What is OpenPose and what is it used for?

OpenPose is the first real-time multi-person 2D pose estimation system developed by Carnegie Mellon University. It maps human poses digitally by detecting body, hand, and face keypoints. It is used in AI image generation, sports analysis, and interactive applications.

How is OpenPose used together with ControlNet?

First, you extract the pose from a reference image using OpenPose. Then you provide the resulting pose map as input to ControlNet.

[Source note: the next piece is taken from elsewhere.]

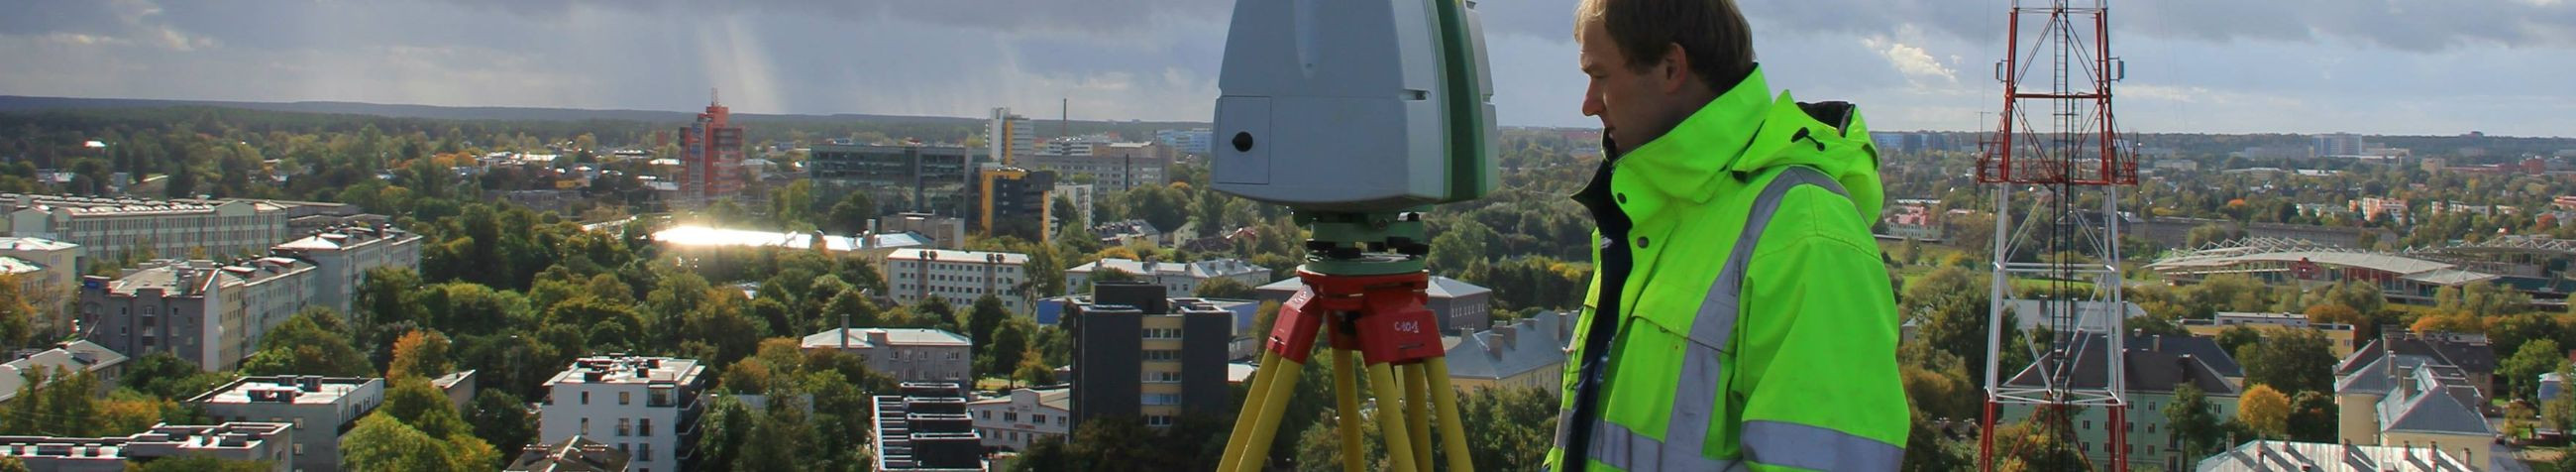 We provide comprehensive geodesy and laser scanning services, ensuring accuracy and quality in every measurement.

ControlNet uses this pose as guidance to generate pose-controlled images with Stable Diffusion or FLUX. This workflow is widely used for character consistency.

How many people can OpenPose detect simultaneously?

Thanks to OpenPose's bottom-up approach, it can theoretically detect an unlimited number of people. Practically, it can extract poses of dozens of people simultaneously depending on the image. Performance depends more on image resolution than the number of people.

What is the difference between OpenPose and DWPose?

OpenPose is an older and more established model with wide community support and widespread integration. DWPose is newer and more accurate, particularly superior in hand and face detection. While DWPose is preferred in modern projects, OpenPose is still widely used.

What hardware is needed to run OpenPose?

OpenPose can run on both CPU and GPU. A CUDA-enabled GPU is recommended for real-time performance. 4GB VRAM is generally sufficient. It also works in CPU mode but frame rate drops and real-time use becomes difficult for practical applications.

Can OpenPose be used in commercial projects?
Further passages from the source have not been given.